If $f$ is satisfiable, we say that it is SAT. Otherwise, it is UNSAT.
\end{description}
\begin{theorem}(Cook-Levin) \marginnote{Cook-Levin theorem}
SAT is NP-complete.
\begin{descriptionlist}
\item[NP-complete]
A problem is NP-complete iff it is in NP and every NP problem can be reduced to it.
\begin{remark}
All problems in NP can be reduced to SAT.
\end{remark}
\end{descriptionlist}
\end{theorem}
\begin{description}
\item[Satisfiable formula] \marginnote{Satisfiable formula}
A formula $f$ is satisfiable iff there is an assignment of the variables that makes it true.
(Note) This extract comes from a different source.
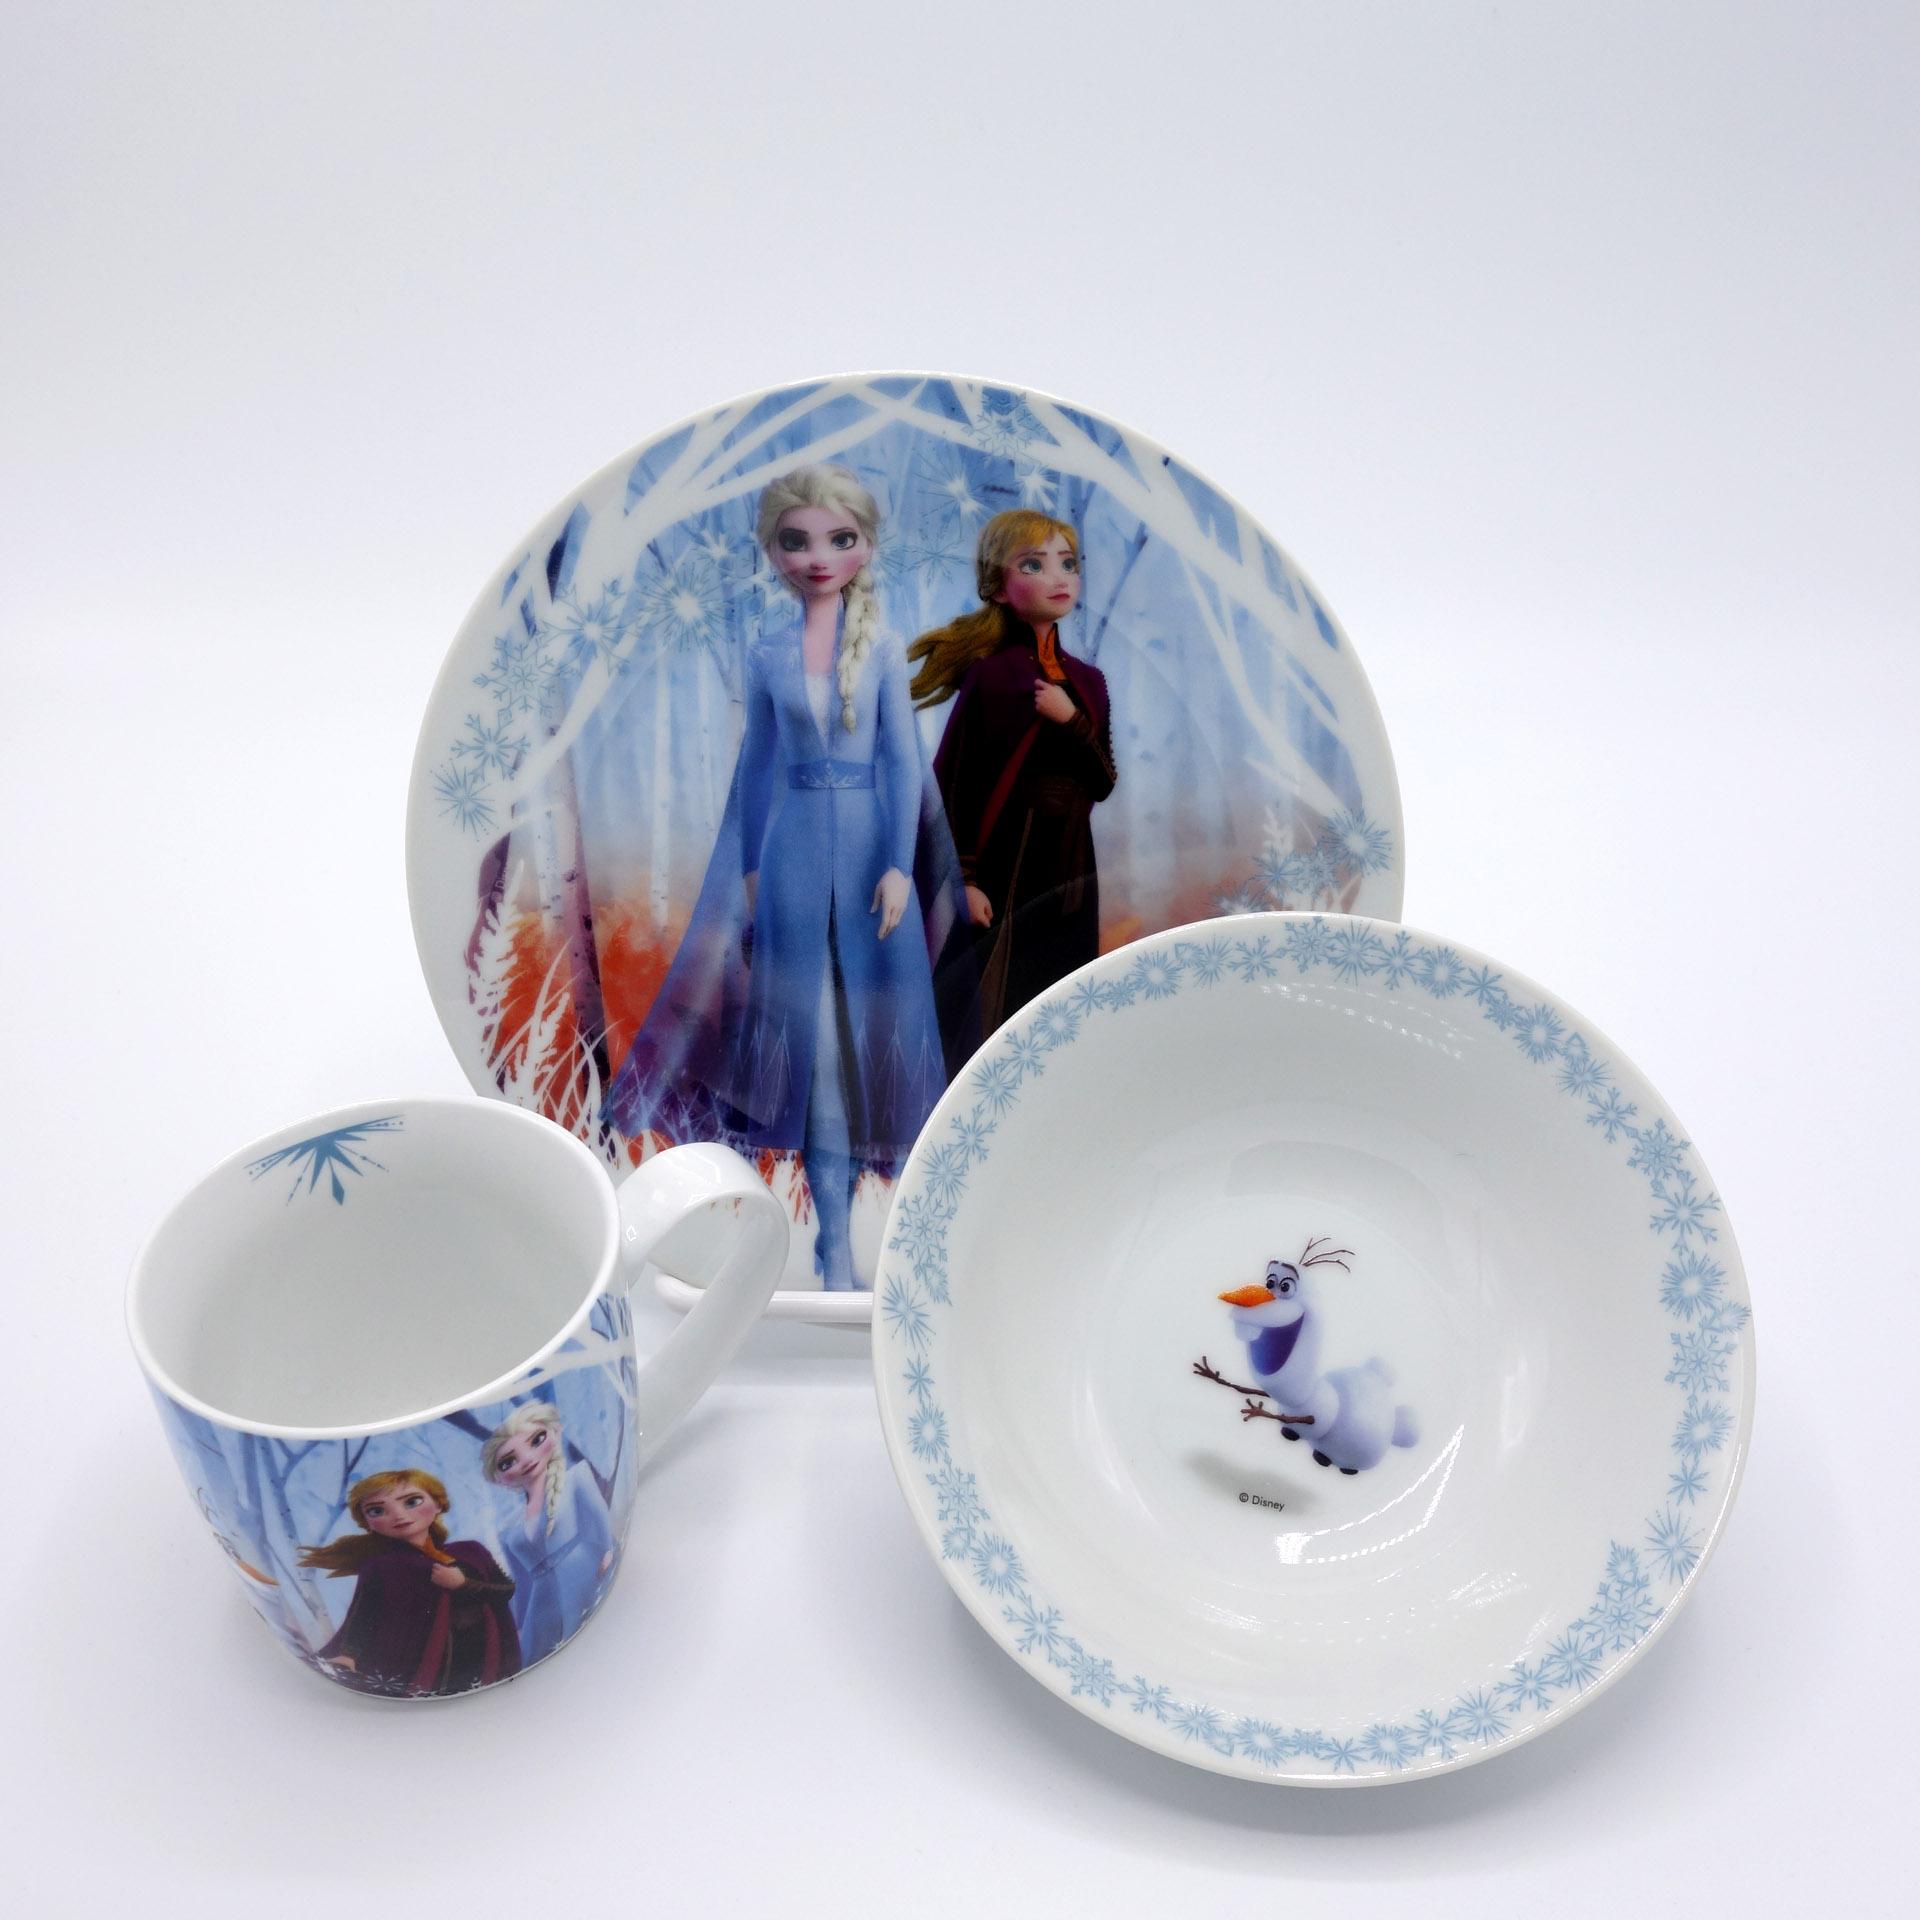 Disney Frozen Die Eiskönigin Kinder Frühstücksset 3teilig
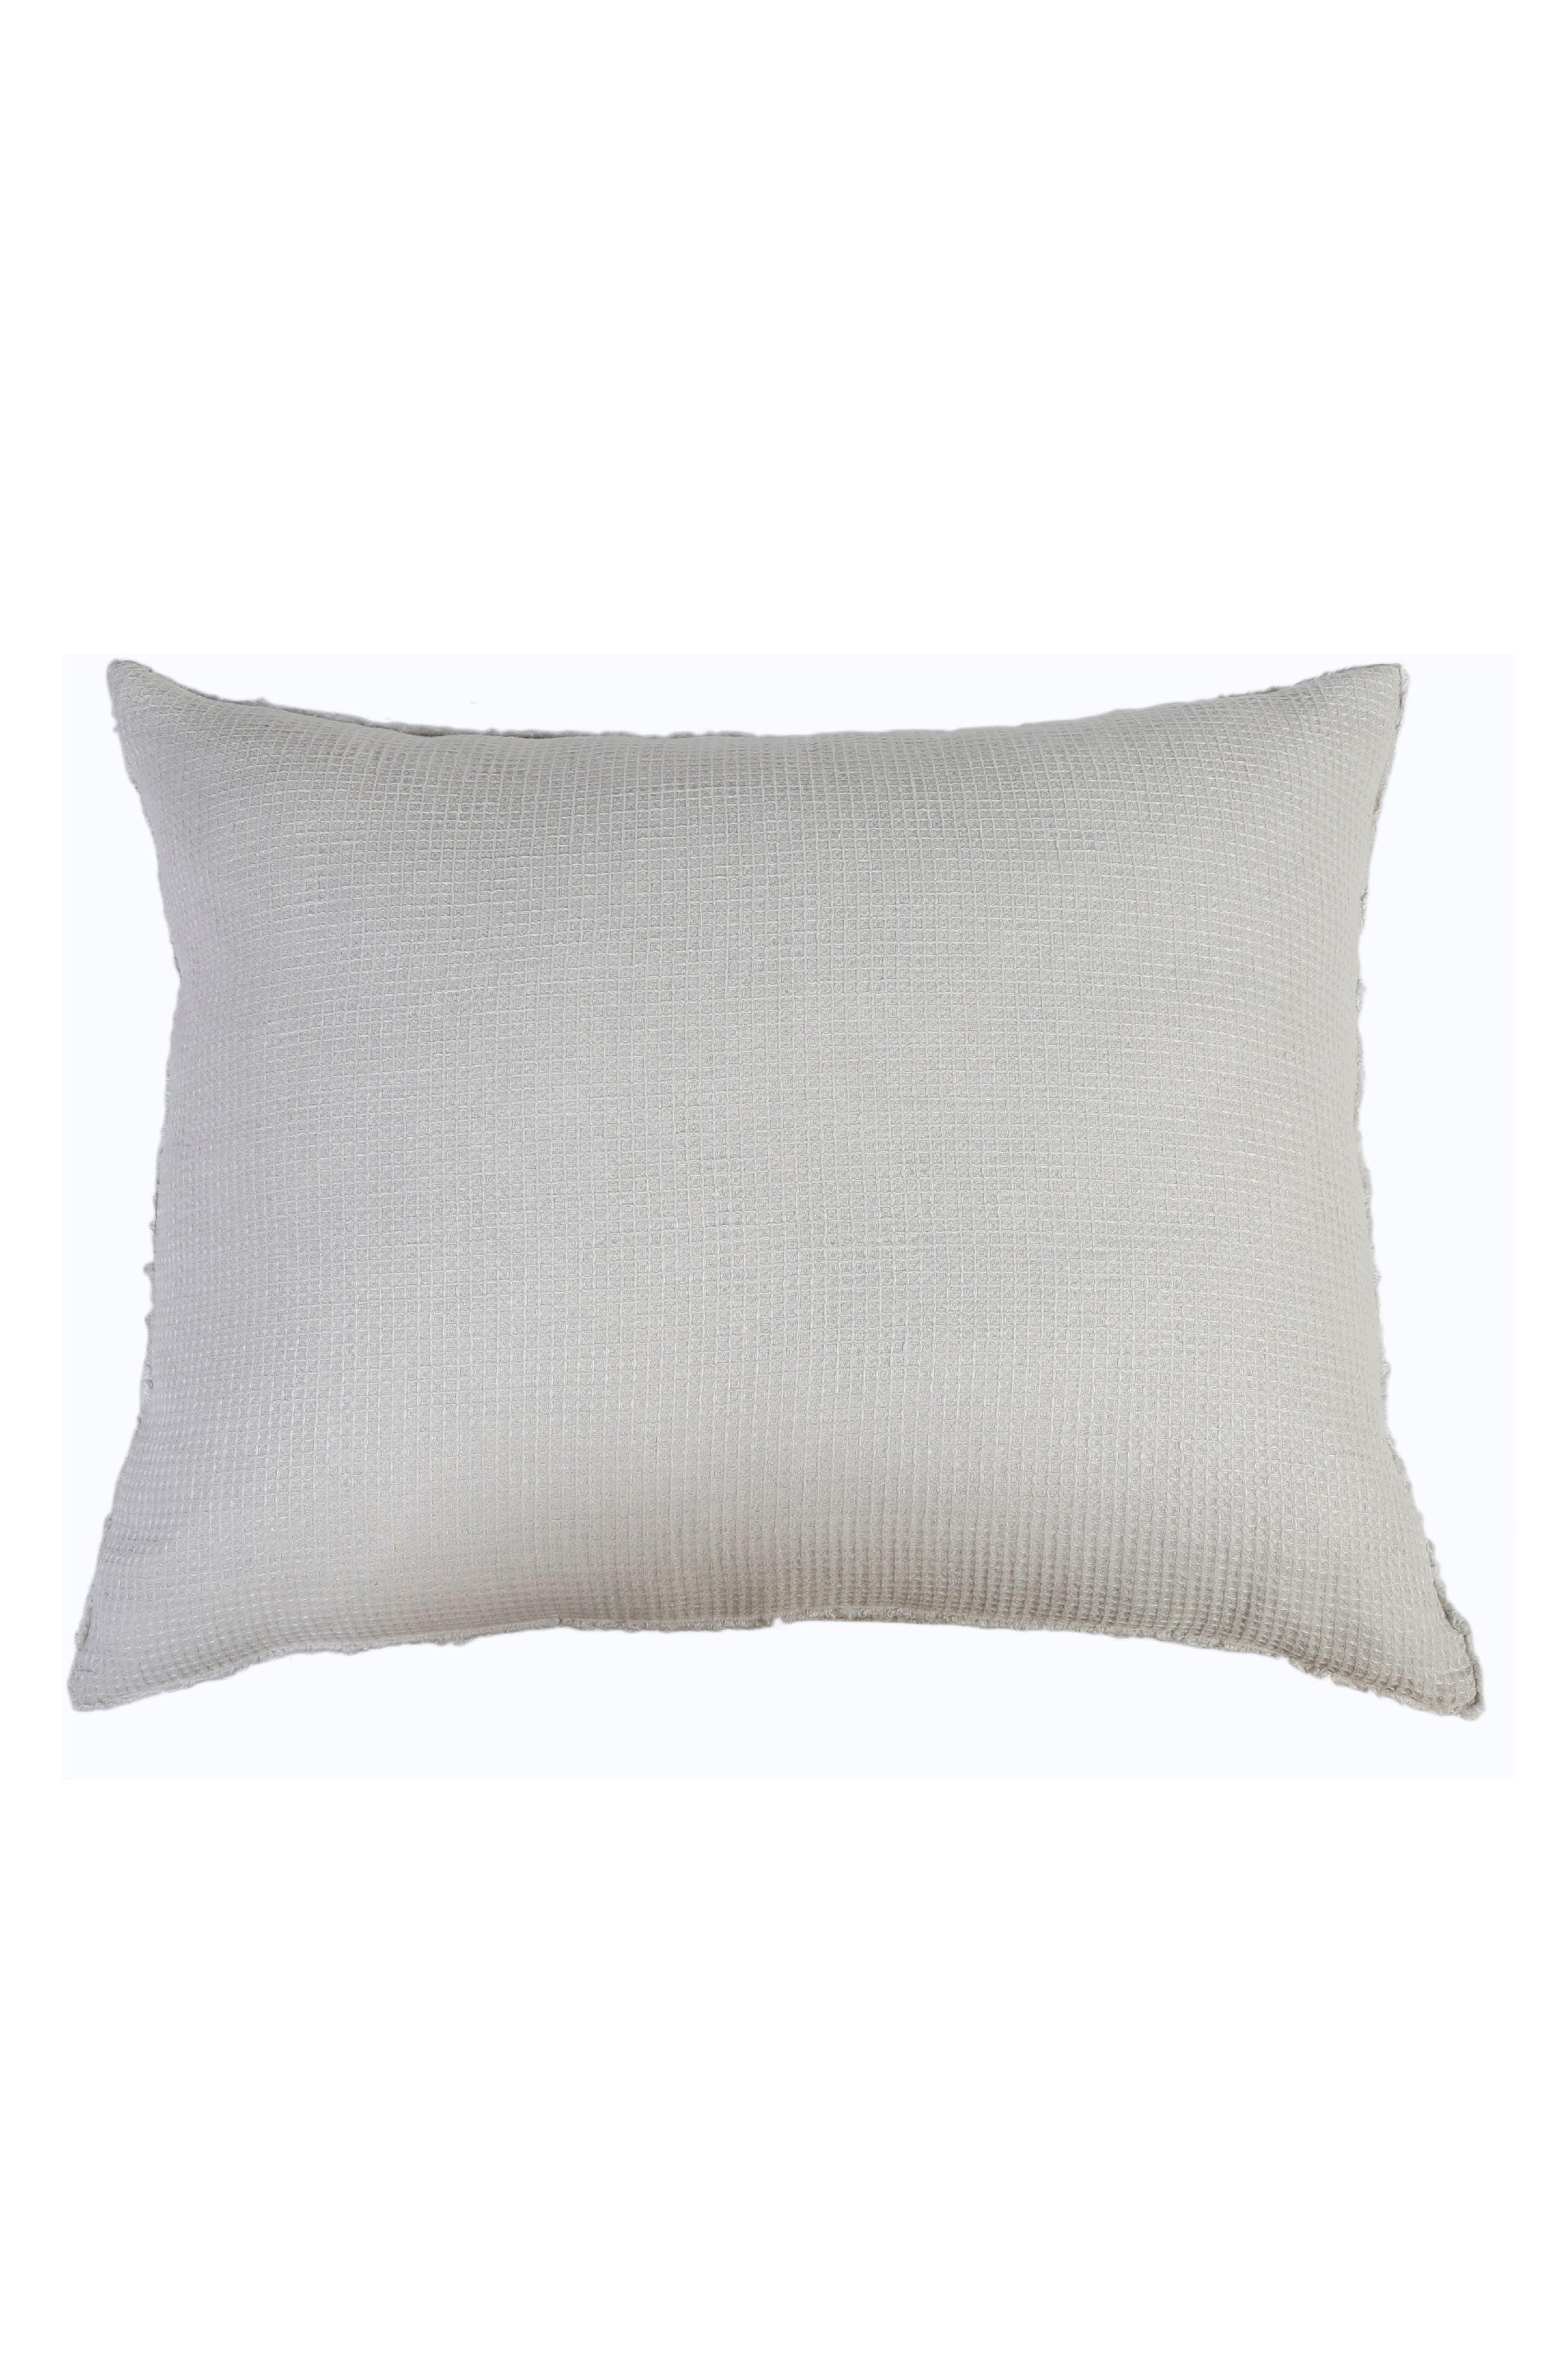 Venice Accent Pillow,                         Main,                         color, Ocean

\item[Valid formula] \marginnote{Valid formula}
A formula $f$ is valid iff any assignment of the variables makes it true.
\begin{remark}
$f$ is valid iff $\lnot f$ is UNSAT.
\end{remark}
\item[SAT solver] \marginnote{SAT solver}
Given a problem, the following steps should be followed to solve it using a SAT solver:
\begin{enumerate}
\item Formalize the problem into a propositional formula.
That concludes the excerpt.